CALCASIEU PIG BOAT WITH
DENTAL DAM TRAILER
CALCASIEU PIG BOAT WITH DENTAL DAM TRAILER

Today, bass flies even work like what we used to call “plugs”: Blane Chocklett’s Game Changer swims like the legendary Rapala crankbait. Game Changers have a lifelike undulating, wiggling action that is the key to getting educated fish to take an artificial. Google “Game Changer” and watch the amazing action of this fly on the YouTube video. The Game Changer is tied on Fish-Skull Articulated Fish-Spine segments from the Flymen Fishing Company. It also has tightly palmered UV White Minnow Body Wrap, trimmed to mimic the shape of a baitfish, and colored with Pantone pens after the addition of large plastic eyes.

The role of ultraviolet light reflected from emerging insects as well as baitfish is getting a lot of attention. I attended a lecture by stillwater guru Denny Rickards at the January Sacramento International Sportsmen’s Exposition and talked with him at length afterward about the effects of ultraviolet light in flies.
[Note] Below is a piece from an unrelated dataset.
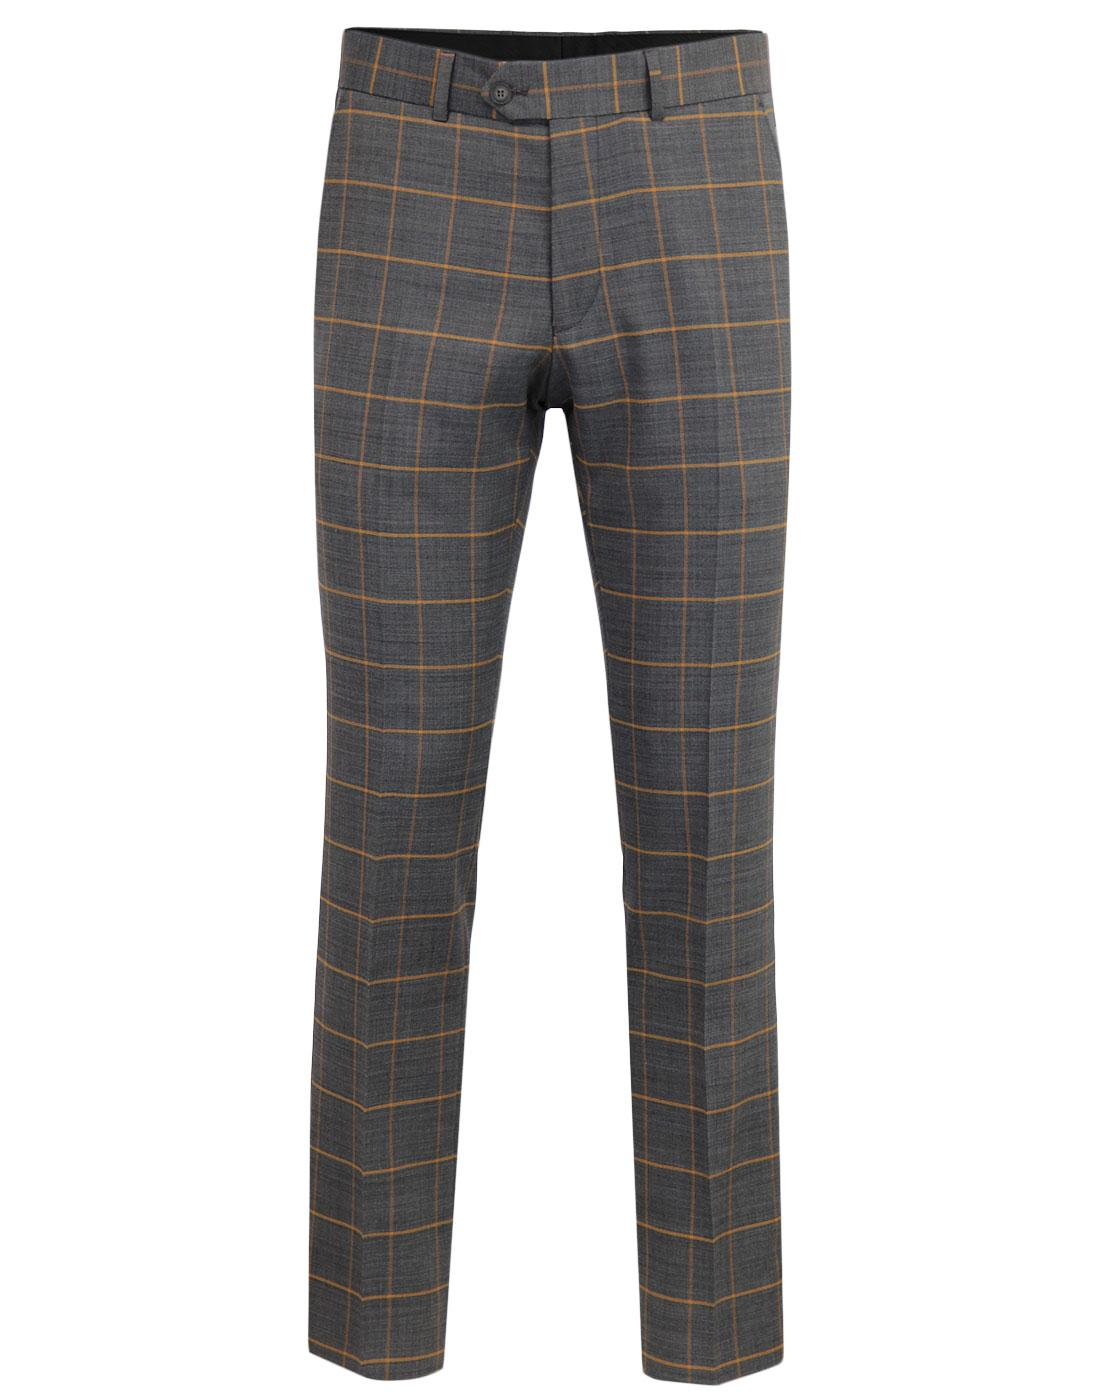 Marriott GIBSON LONDON Windowpane Check Trousers

He told of a new product, Spectrum Response U/V Spray, that reflects UV light when sprayed on fur and feathers. I bought a bottle.

We’ve come a long way from fur, feathers, cork, and silk thread, haven’t we? Why not tie a large Game Changer, trim and color it to look like a planted hatchery-reared rainbow trout, spray it with Spectrum Response, and go after that world-record bass.